L’évènement cinématographique de l’année 2023 n’est pas le nouveau Christopher Nolan, le nouveau Miyazaki ou le film d’horreur Winnie l’Ourson. Non, l’évènement majeur de cette année se trouve être la restauration et la ressortie d’un film soviétique de 1966, adaptation de l’œuvre majeure de Léon Tolstoï, La Guerre et la Paix.
Qui dit livre majeur dit adaptation majeure et les soviétiques n’y sont pas allés de main morte. Film le plus cher de l’histoire du pays (coutant aux alentours de 100 millions de dollars en prenant en compte l’inflation), sollicitation d’une centaine de milliers de soldats de l’armée rouge pour faire de la figuration et de milliers de chevaux, tout ça pour un tournage de 4 ans donnant un montage final de 7h, Guerre et Paix est un film aux nombreux superlatifs. Il faut dire que le contexte joue, puisqu’avec la sortie du Guerre et Paix de King Vidor en 1956, l’œuvre majeure de Tolstoï est un succès dans le monde entier, y compris en URSS où tous saluent la prestation étincelante d’Audrey Hepburn. Pourtant, guerre froide oblige, les soviétiques se doivent de réagir, l’un de leurs ouvrages majeurs est célébré dans le monde, mais est pourtant américain.
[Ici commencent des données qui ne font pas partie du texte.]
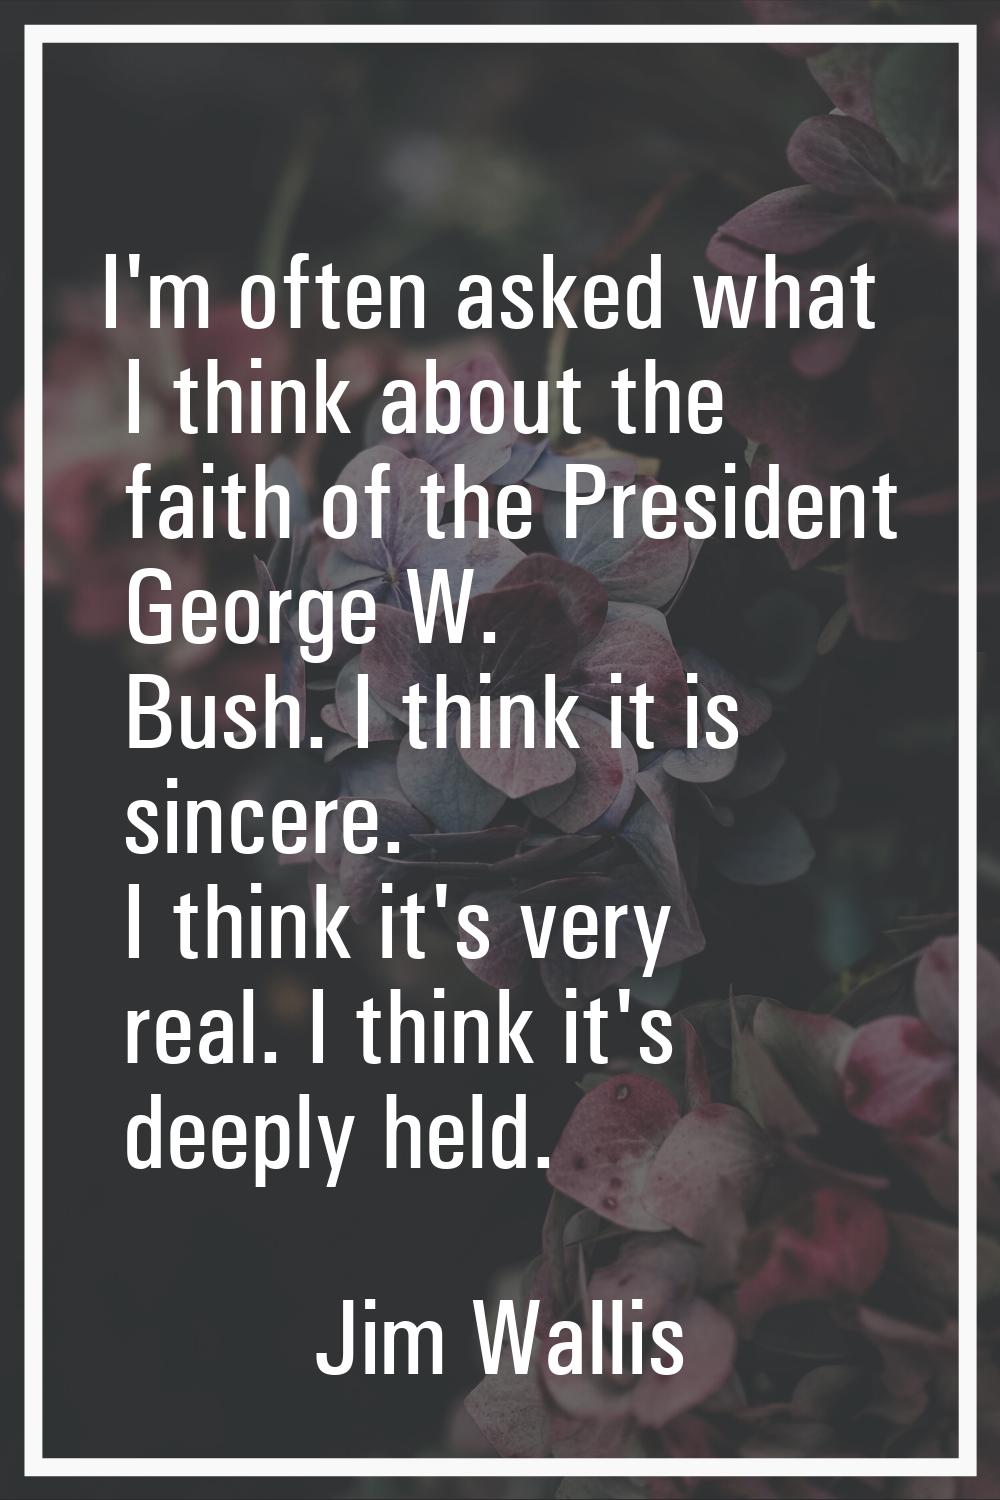 I'm often asked what I think about the faith of the President George W. Bush. I think it is sincere

C’est ainsi que le gouvernement met en place, à l’aide du grand studio Mosfilm, le projet d’adaptation de l’œuvre. Ce sera le non reconnu Sergueï Bondartchouk qui prendra les commandes du projet, tout en incarnant Pierre Bezukhov, l’un des trois protagonistes.
Le tournage commençant en 1961, l’objectif est de le distribuer le 7 septembre 1962, le jour des 150 ans de la bataille de la Moskova, l’un des tournants de la guerre entre les Russes et les armées françaises. Il n’en sera rien et le film sortira en 1966 amenant avec lui un certain succès et une reconnaissance auprès de la critique et du public. Plus d’un million d’entrées en France pour un film de 7h, ce n’est clairement pas négligeable. Mais si la production de ce Guerre et Paix est majestueuse et unique, ce qu’on veut d’un film, finalement c’est qu’il soit bon et/ou intéressant. Les soviétiques voulaient une grande fresque, rendant hommage aux Russes ayant luttés contre Napoléon, ils voulaient aussi une belle adaptation du livre de Tolstoï et il faut le dire, Bondartchouk a rempli les deux parts du contrat.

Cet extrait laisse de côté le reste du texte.